Panacea or peril? Do new treatments save lives or do they endanger them?
Panacea or peril? Do new treatments save lives or do they endanger them?
Living donor programs still risky
With the U.S. donor organ allocation system in a continuing state of crisis, listing thousands more desperate patients than organs available for donation, more and more transplant programs are turning to living donor programs to rescue people almost certain to die on the waiting list.
Once only considered for kidney donation, healthy people now also are giving portions of their lungs, livers, pancreas, and intestines to friends and relatives in need of a transplant. But is it a promising new technology or a case of too much too soon?
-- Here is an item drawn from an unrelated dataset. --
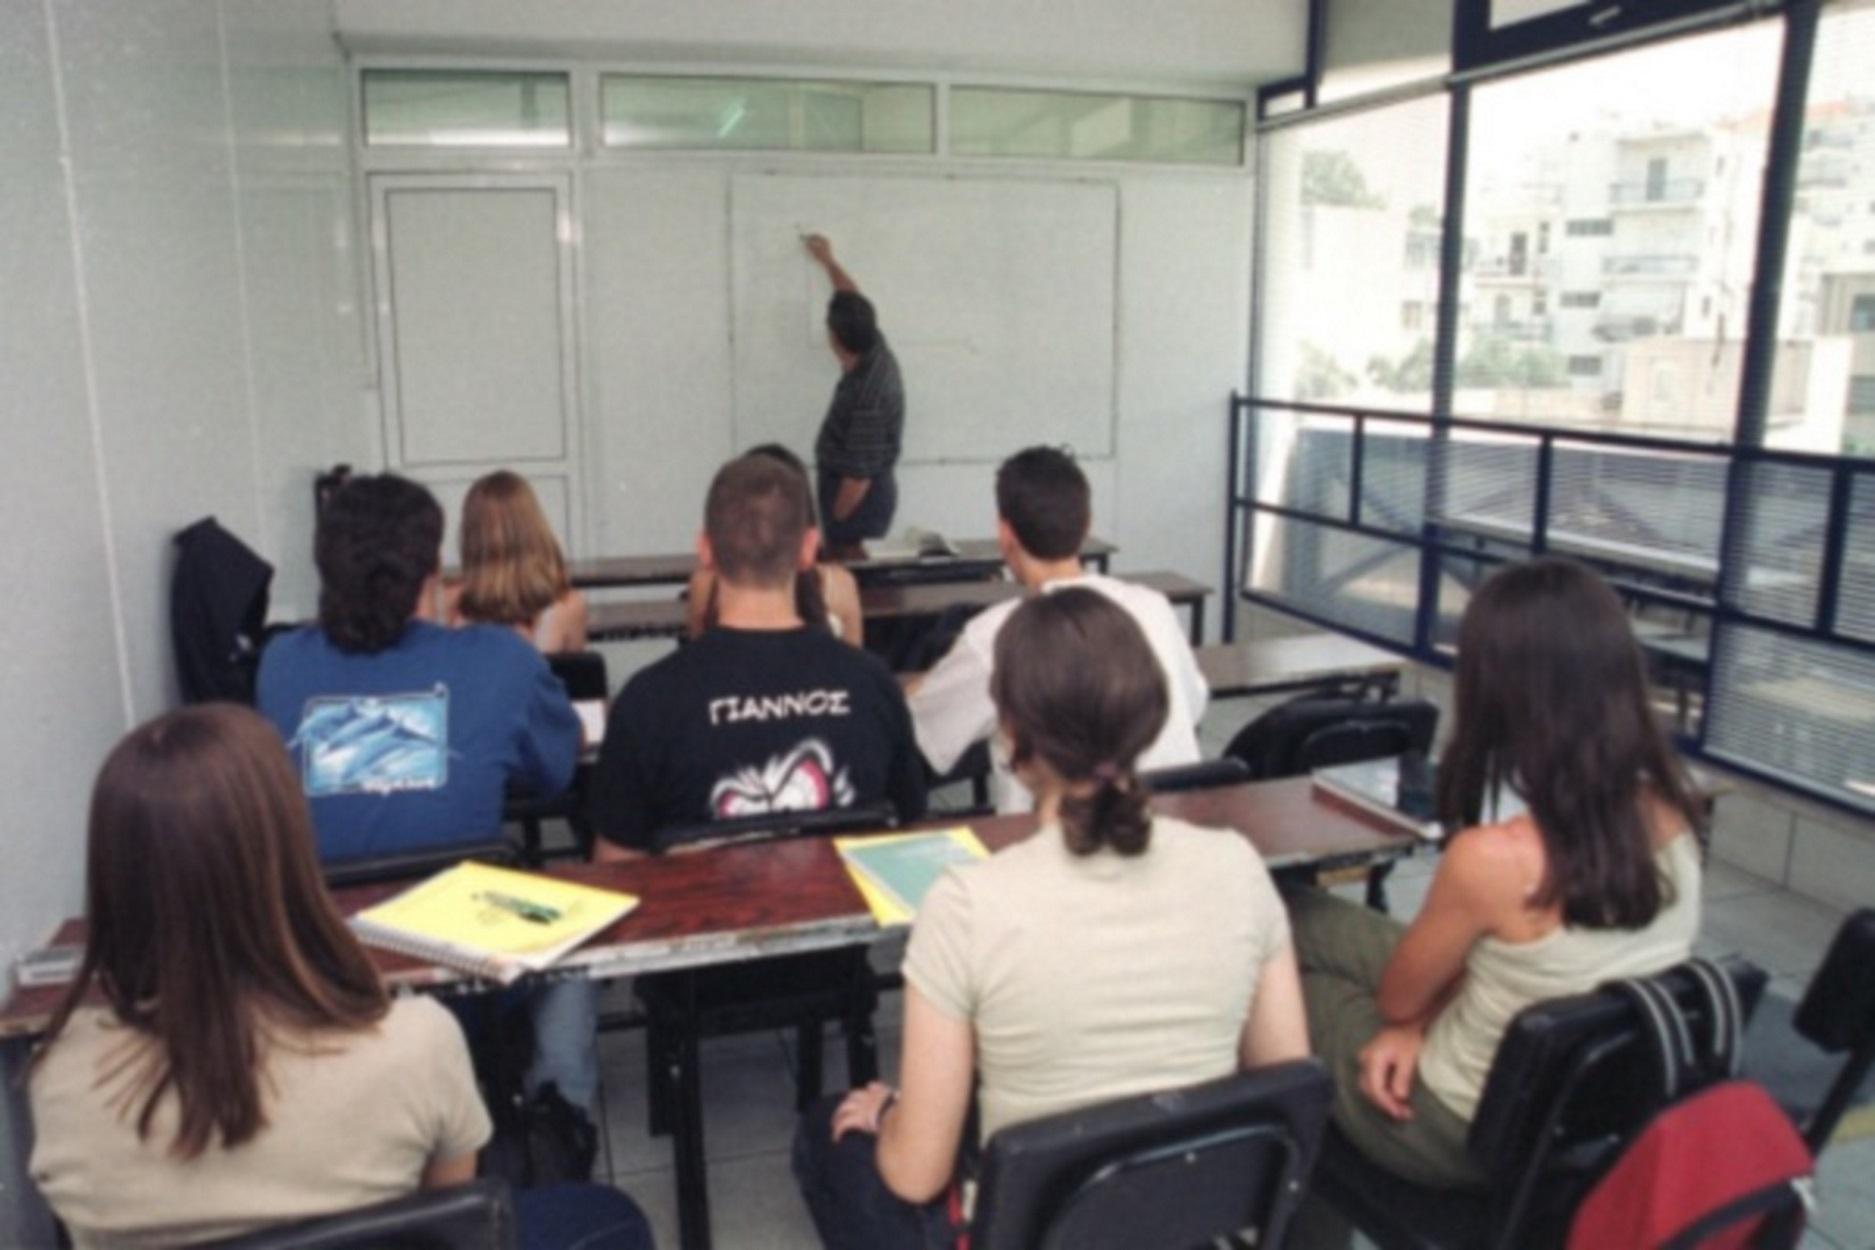 Κορονοϊός: Συνελήφθη ιδιοκτήτρια οικοδιδασκαλείου γιατί άνοιξε παραβιάζοντας την απαγόρευση

Risks to donor not evaluated
According to statistics kept by the Richmond, VA-based United Network for Organ Sharing, the organization that contracts with the U.S. Department of Health and Human Services to administer the organ transplant waiting list, living organ donation increased by 16% between 1999 and 2000, to 5,500 operations, the largest increase ever in a single year. Last year, in the state of New York, a third of all liver transplants came from live donors.
But, even though the operations provide lifesaving miracles for people who are at death’s door and free up more cadaveric organs for people who do not have such an option, many experts are critical of the rapid expansion in the use of organ grafts from living donors. The risks to the donor, on whom an unnecessary, major surgical procedure is performed, are not being properly evaluated. And there is almost no regulation on which centers are qualified to perform these procedures, they warn.
An editorial by Cronin and colleagues from the University of Chicago1 in the May 24 issue of the New England Journal of Medicine criticized the growth in the number of programs attempting adult-to-adult living liver transplant in particular.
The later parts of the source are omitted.